HPLC was conducted on a Waters liquid chromatograph equipped with a 1525 binary pump and a 2996 photodiode array detector (Waters Corporation, Milford, MA, USA). A Waters Symmetry C18 column (150 × 3.9 mm; 5 μm) was used for the separation and analysis of ergosterol and its esters. The mobile phase consisted of solvent A (methanol: water, 80: 20, v/v) and solvent B (methanol: dichloromethane, 75: 25, v/v). The following gradient procedure was used: 50% of B for 5 min; a linear gradient from 50 to 90% of B for 10 min; and 90% of B for 10 min. The flow rate was set at 1.0 mL/min. The detection wavelength of the PDA detector was set between 240 and 340 nm. Ergosterol and ergosterol esters were detected at a wavelength of 280 nm and quantitated by comparing the values of their peak area with the ergosterol standard (Yuan et al. 2006, 2007a, b, 2008). Aliquots of 20 μL were directly injected into the HPLC by manual injector.
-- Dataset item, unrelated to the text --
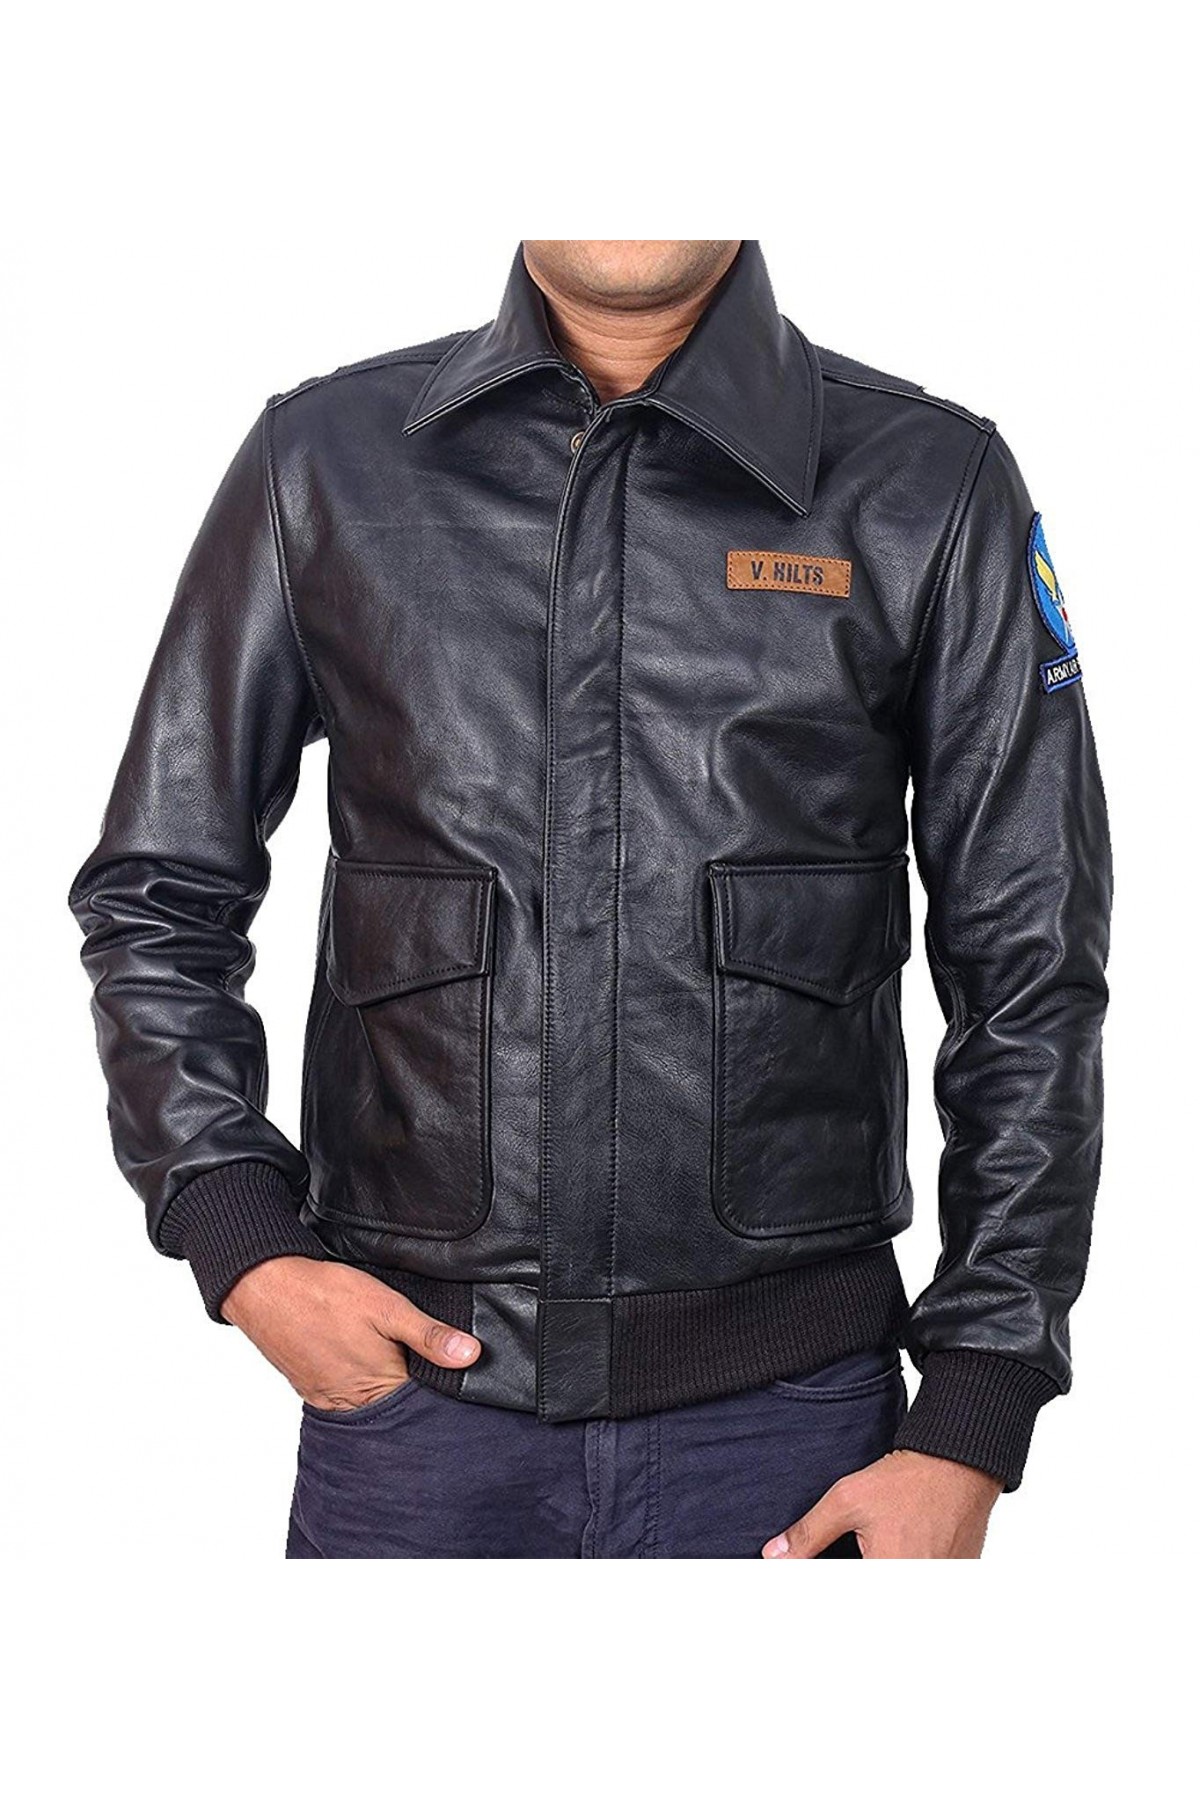 The Great Escape Steve McQueen Bomber Leather Jacket

All injections were repeated three times.
Statistical analysis
All experiments were repeated at least three times, and the data were expressed as the mean values with standard error of the mean of three replicates on the dry weight basis. The one-way analysis of variance (ANOVA) was carried out by using the Microsoft Excel 2016 software (Microsoft, Redmond, WA, USA).
Results
Identification of fungal isolates
Fifty-nine strains of fungi were isolated from Qi’Ao Island mangrove soil. Genomic DNA was extracted and ITS region was amplified and sequenced. The obtained results were compared with those in the GenBank database, and the results are shown in Table 1. Consensus sequence data of the fungi were submitted to the GenBank database, and the GenBank accession numbers are also shown in Table 1. The results indicated that the identified fungal strain belonged to 13 genera as follows: Penicillium (17 strains), Fusarium (16 strains), Nectria (10 strains), Trichoderma (4 strains), Gliocephalotrichum (3 strains), Hypocrea (2 strains), Aspergillus (1 strain), Pseudallescheria (1 strain), Schwanniomyces (1 strain), Geotrichum (1 strain), Cylindrocladiella (1 strain), Xylogone (1 strain), and Xenoacremonium (1 strain).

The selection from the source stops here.